Папа-Будда - [21]
— Джимми, пойдем в комнату для медитаций.
Мы сели напротив статуи Будды Я никогда еще не медитировал наедине с ринпоче — первый раз вот так, только мы вдвоем.
— Дыхательную медитацию, к которой ты привык, мы сейчас проводить не будем. Вот о чем я тебя попрошу: посмотри внутрь себя. Обрати внимание на свое дыхание, на свое тело. Внимательно прислушайся к каждой части тела, пойми, что она чувствует; не исправляй, не суди - просто чувствуй. Потом обратись мыслями к тем, кто больше всего для тебя значит: к дочери, жене, брату. Постарайся понять их и пойми, что именно чувствуешь, когда думаешь о них. Не старайся придумывать чувства, не старайся полюбить, если не любишь, просто позволь чувствам приходить и уходить, как им вздумается, и ни о чем не суди.
Я так и сделал. Пока он объяснял, я думал, у меня ничего не получится, но ринпоче помогал мне, говорил нужные слова. Мне вдруг показалось, что я впервые почувствовал свое тело, ощутил, как напряжены руки и ноги, как уязвима грудная клетка, какая дрожь пробегает по телу, — раньше-то я ничего такого не замечал. Потом стал дышать медленней, расслабился окончательно, и он попросил меня подумать о каждом из моих близких. Это было сложнее всего, потому что, когда накатывали разные чувства, он велел не судить их.

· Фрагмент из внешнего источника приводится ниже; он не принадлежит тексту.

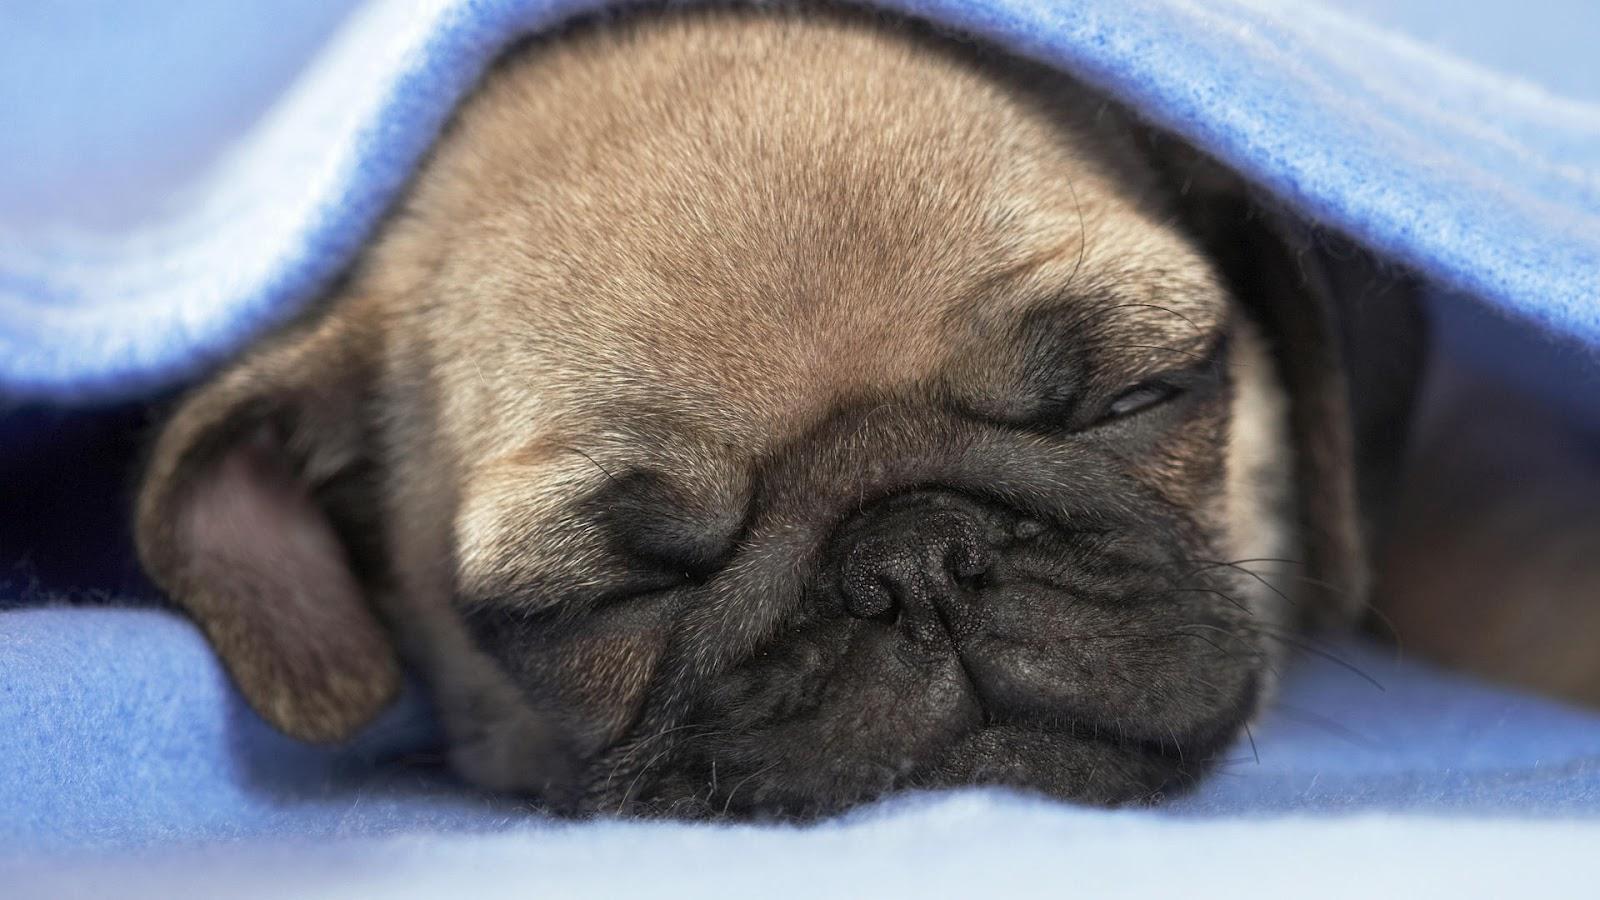 cute puppies sleeping wallpaper - photo #25

Перед Энн Мари мне просто было стыдно - стыдно, что я подвел ее, пусть она и не видела ничего. Ведь она уже почти взрослая, а отец у нее ведет себя как полный придурок, и при этом учится медитации. Потом Лиз. Думать о ней тоже было тяжко, потому что я люблю ее, всегда любил, но почему-то не могу ей объяснить, как это все для меня важно. Между нами словно трещина прошла. Я чувствую это, и мне страшно. Я не хочу, чтобы так было, но не знаю, что делать. И Джон, мой брат. Напиваемся как свиньи и объясняемся друг другу в любви, а на трезвую голову сказать об этом не можем.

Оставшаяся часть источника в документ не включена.